What is SGP Data?

sgpData is a database that provides students’ growth data in the form of percentiles, allowing teachers and parents to easily view student progress over time. The percentiles can also be used as a tool to identify giftedness, or to monitor the performance of a student with disabilities or special needs. In addition to providing students’ growth information, sgpData provides a number of additional features that make it easy for educators to analyze student data.

The sgpData database contains data from students who took tests at various schools and in different years. The first column of each record (ID) provides a unique student identifier. The next five columns (SS_2013, SS_2014, SS_2015, SS_2016, and SS_2017) provide the scale scores associated with the student’s test record for each year. For students who did not have a scale score for all 5 years of testing, sgpData records a missing value (NA).

Student growth percentiles are derived by comparing a student’s assessment results from one year to the test results from the same or similar assessment in previous years. Although calculating student growth percentages is complex, it provides valuable information about the performance of a student over time. Moreover, percentile scores are familiar to teachers and parents, making them easy for them to interpret and understand.

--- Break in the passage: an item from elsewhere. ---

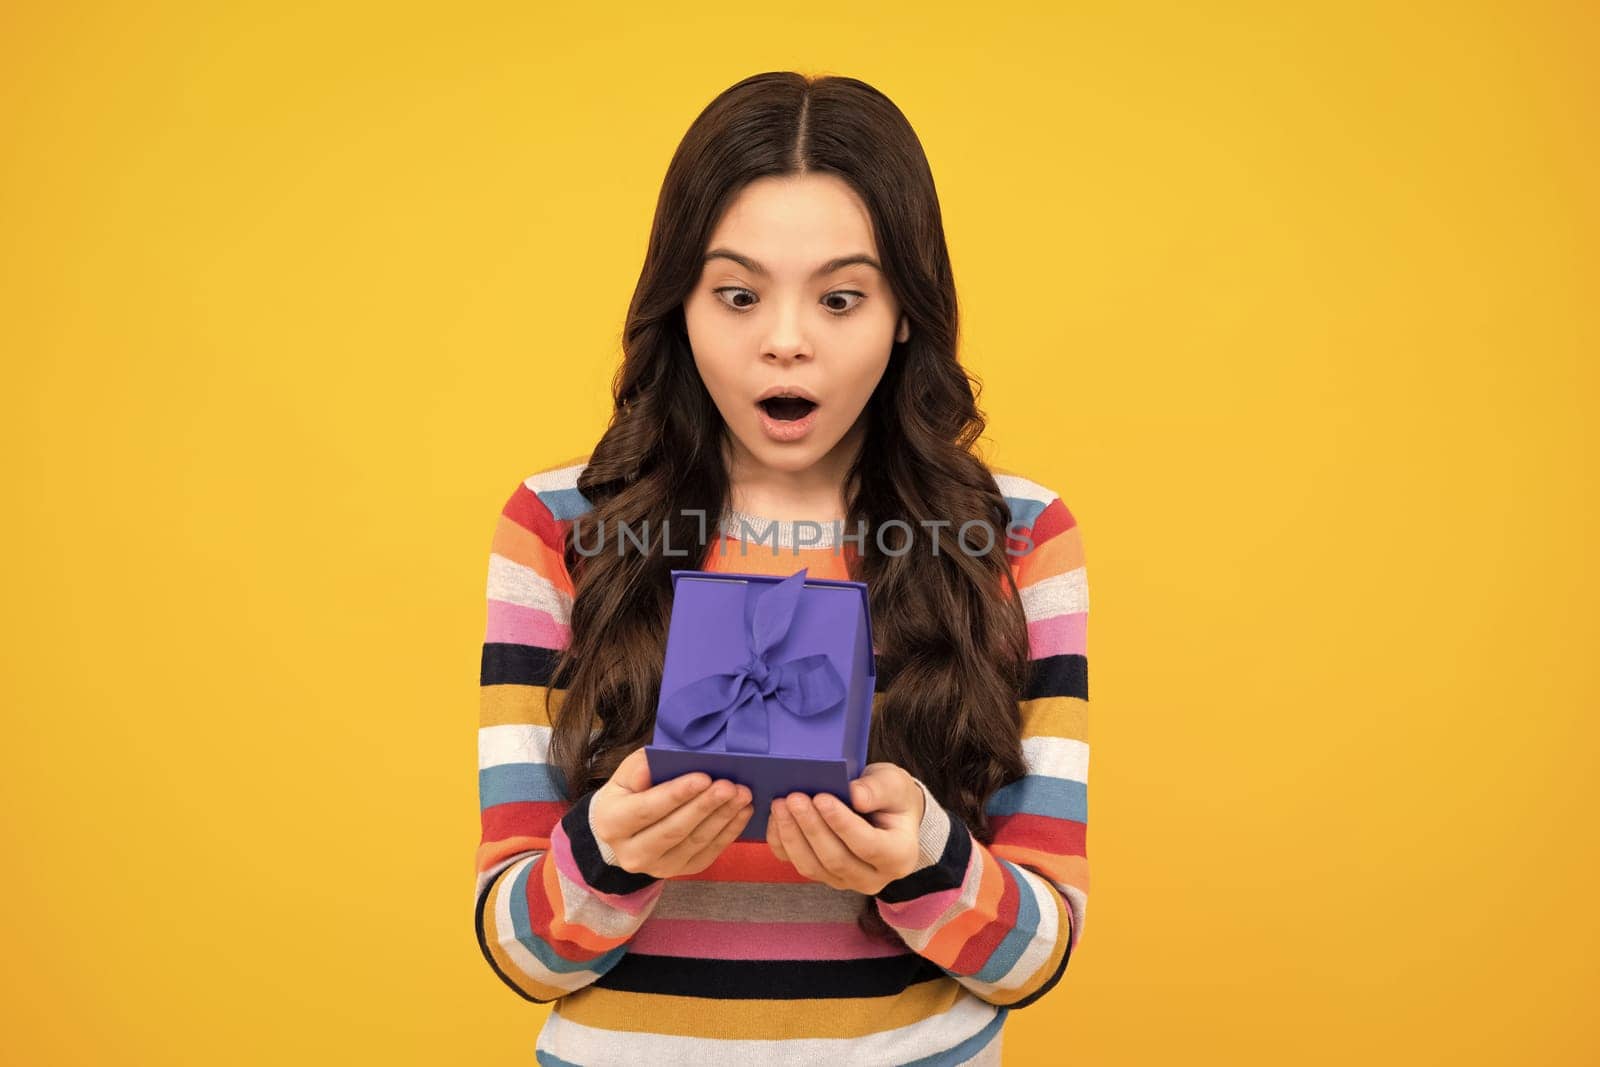 Shocked amazed face, surprised emotions of young teenager girl. Teenager kid with present box. Teen girl giving birthday gift. Present, greeting and gifting concept

The SGP project began in 2015, with the goal of assembling or generating multi-proxy sedimentary geochemical data (iron, carbon, sulfur, major and trace metal abundances, and their isotopes) from multiple regions worldwide for each Paleozoic epoch. This required a major effort to collect the data, and to reprocess and reformat it for use in the SGP system.

SGP’s second goal was to develop a framework for the long-term preservation and dissemination of these data. To do this, SGP established a working group of geochemical experts who have collaborated to define a series of standards for data storage, processing, and publication. The SGP working group has also identified potential partners for implementing these standards.

While research consortia and large community databases (Genbank, EarthChem, etc.) both aggregate data, they have very different approaches and goals. Research consortia are focused on answering specific research questions, while large community databases are designed to store and make accessible essentially all data. Both types of aggregation have their strengths and weaknesses, but the fundamental difference is that research consortia have a clear purpose that drives their data collection and sharing decisions. This purpose allows researchers to focus their efforts on exciting projects, which in turn attracts funding and other resources to the research effort. It also provides incentives for individuals to contribute data and metadata to the project. This is why the SGP project was created in the first place – to assemble and share data for answering compelling research questions. SGP members are currently pursuing many exciting research topics in this way. They have contributed or are preparing to contribute a significant amount of data and metadata.